It helps identify files difference between the two folders.
Basically, if `A` and `B` are the two folders, the tool will output:
- files present in `A` but not in `B`
- files present in `B` but not in `A`
- files present in both `A` and `B` but with newer commits in `A`
> [!NOTE]
> You can also do cross-branches comparison by specifing the branches for both directories.
## Purpose
This tool has been specifically developed to assist the *Special Interest Groups (SIGs)* responsible for *glossary* management within the [CNCF](https://github.com/cncf).
The purpose of the tool is to facilitate the comparison of folder contents within a GitHub repository.
**This was specifically meant for those repo that contain documentation in various languages** (divided into different folders) and you need a fast way to know the deltas:
In this case, usually the reference folder and "*source of truth*" is the "*english*" one (for a real world example take a look at [this repo](https://github.com/cncf/glossary/tree/main/content), for a test playground we use [this one](https://github.com/R3DRUN3/content-sync-tester)).
Generally, it can be useful in scenarios where you have two folders within a repository and you want to identify the differences between them, such as missing files or files with newer commits.
## Arguments
The script requires the following environment variables to be set:
- `REPO_URL`: The URL of the GitHub repository to analyze. [MANDATORY]

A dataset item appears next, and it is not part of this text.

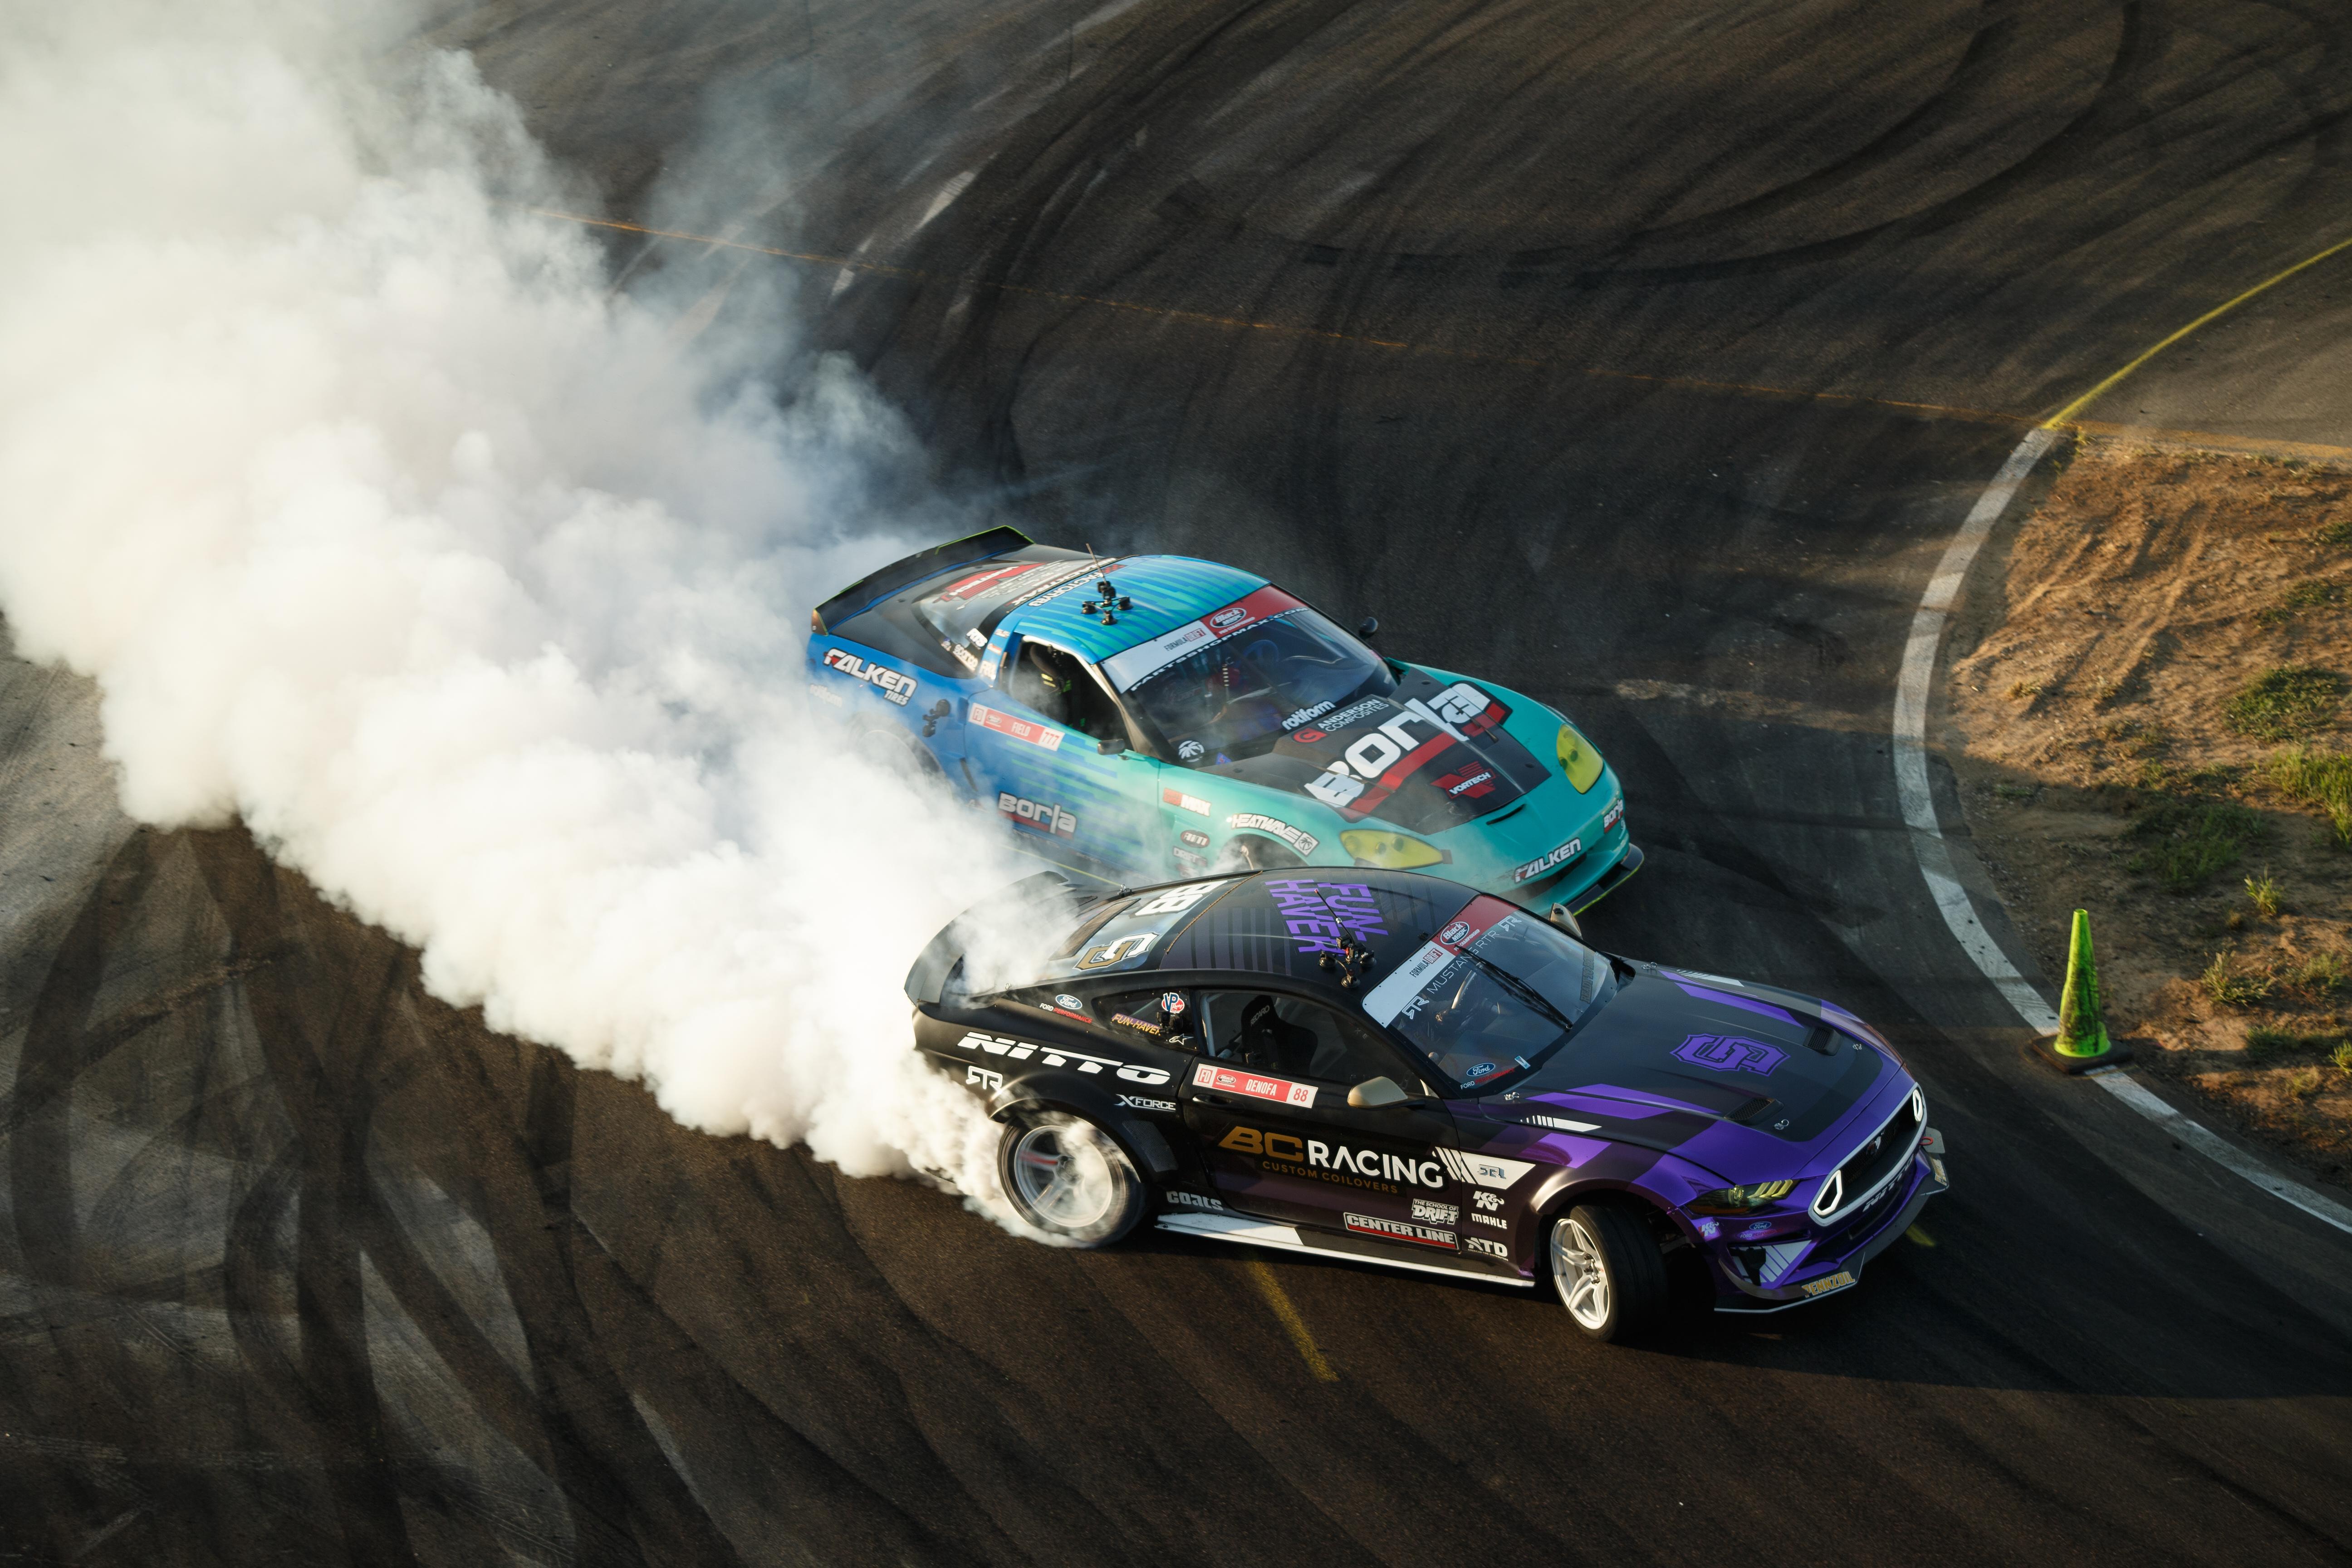 bc-racing-chelsea-denofa-gallery_9861

- `REPO_FOLDER_1`: The name of the reference folder (source of truth, or folder `A`). [MANDATORY]
- `REPO_FOLDER_2`: The name of the second folder to compare to the reference folder (folder `B`). [MANDATORY]
- `TOKEN`: An access token with appropriate permissions to *read* and *open issues* on the target repo. [MANDATORY]

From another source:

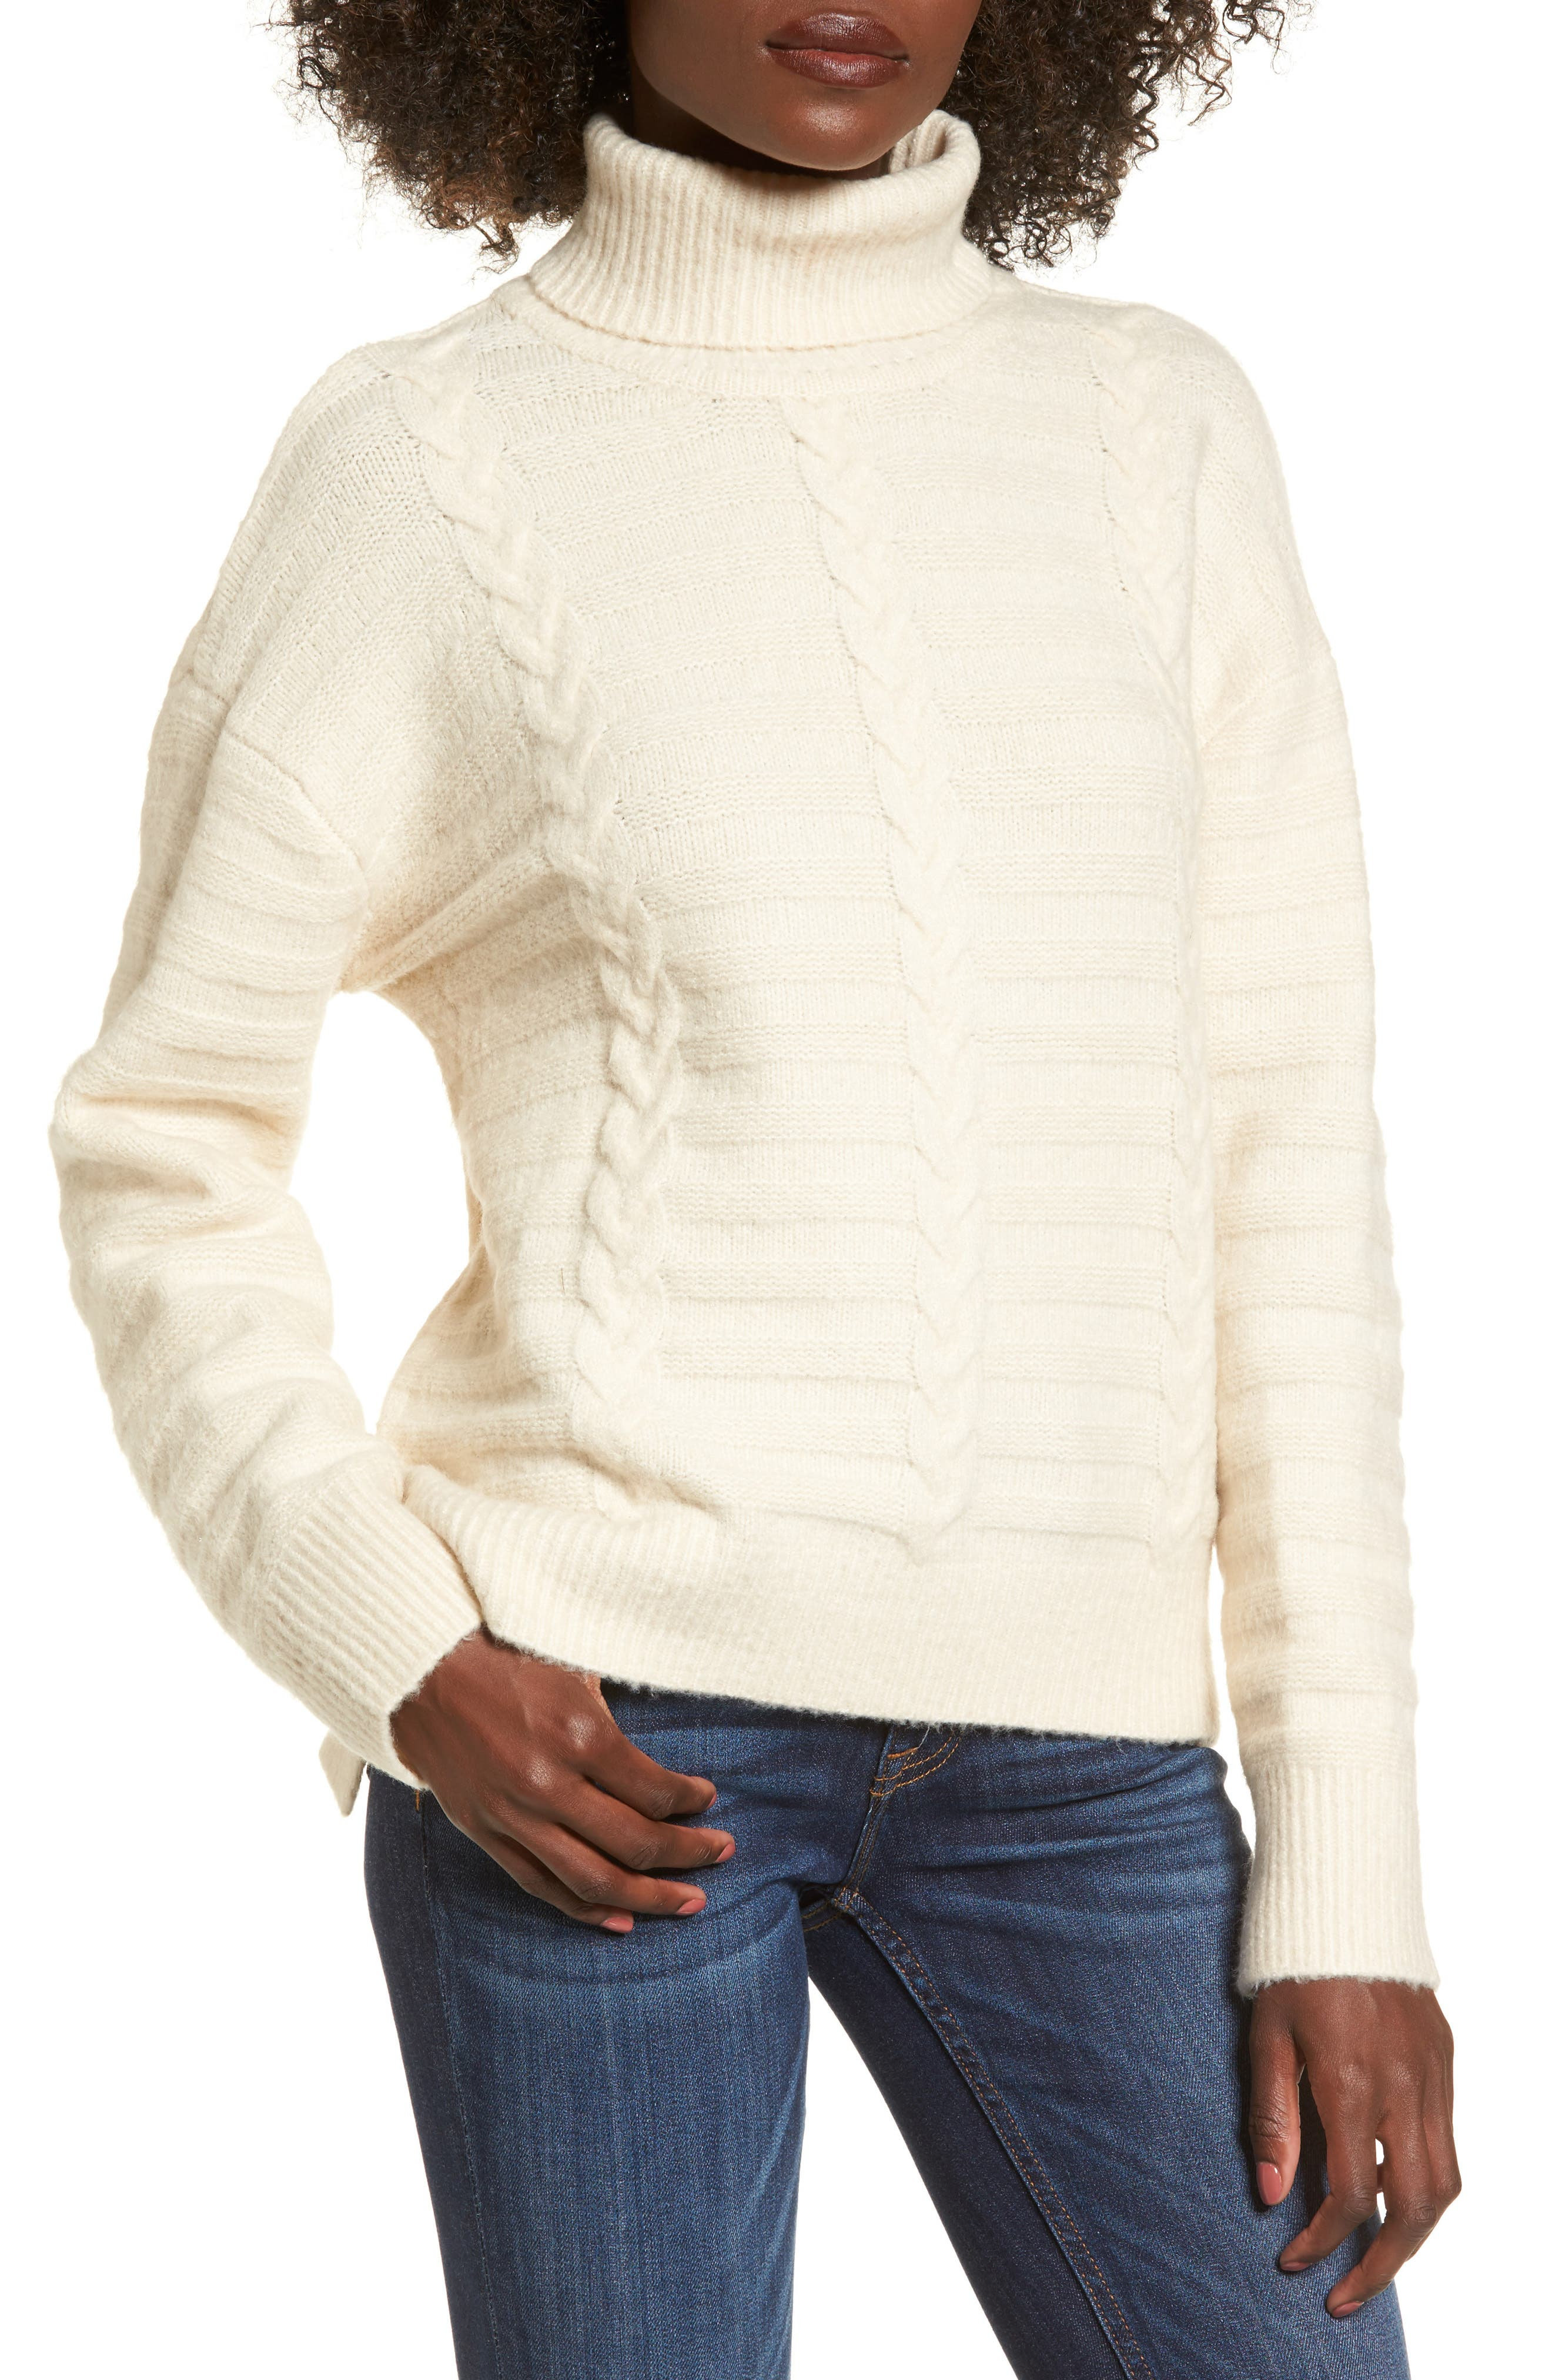 Main Image - MOON RIVER Turtleneck Sweater

- `FOLDER_1_BRANCH`: The branch for the first folder. If not specified, the default is main [OPTIONAL]
- `FOLDER_2_BRANCH`: The branch for the second folder. If not specified, the default is main [OPTIONAL]
- `OPEN_ISSUE`: If set to `true`, this specify that the script needs to open a "*synchronization issue*" on the target repo, specifying the folder differences. [OPTIONAL]
The opened issues are structured like [this one](https://github.com/R3DRUN3/content-sync-tester/issues/29).
- `MULTIPLE_ISSUES`: If `OPEN_ISSUE` is set to `true` and this var is also set to `true`, the script will create multiple issues, one for every file difference. [OPTIONAL]
> [!WARNING]
> Be careful when setting the `MULTIPLE_ISSUES` var to *true*: if you execute this script against two folders with many files, it will create many issues on your target repo.
## How it works
The script performs the following steps:
1. Checks the presence of the required environment variables and their values.
1. Creates a GitHub client using the provided access token.
1. Retrieve the content of the two specified folders via the Github client object.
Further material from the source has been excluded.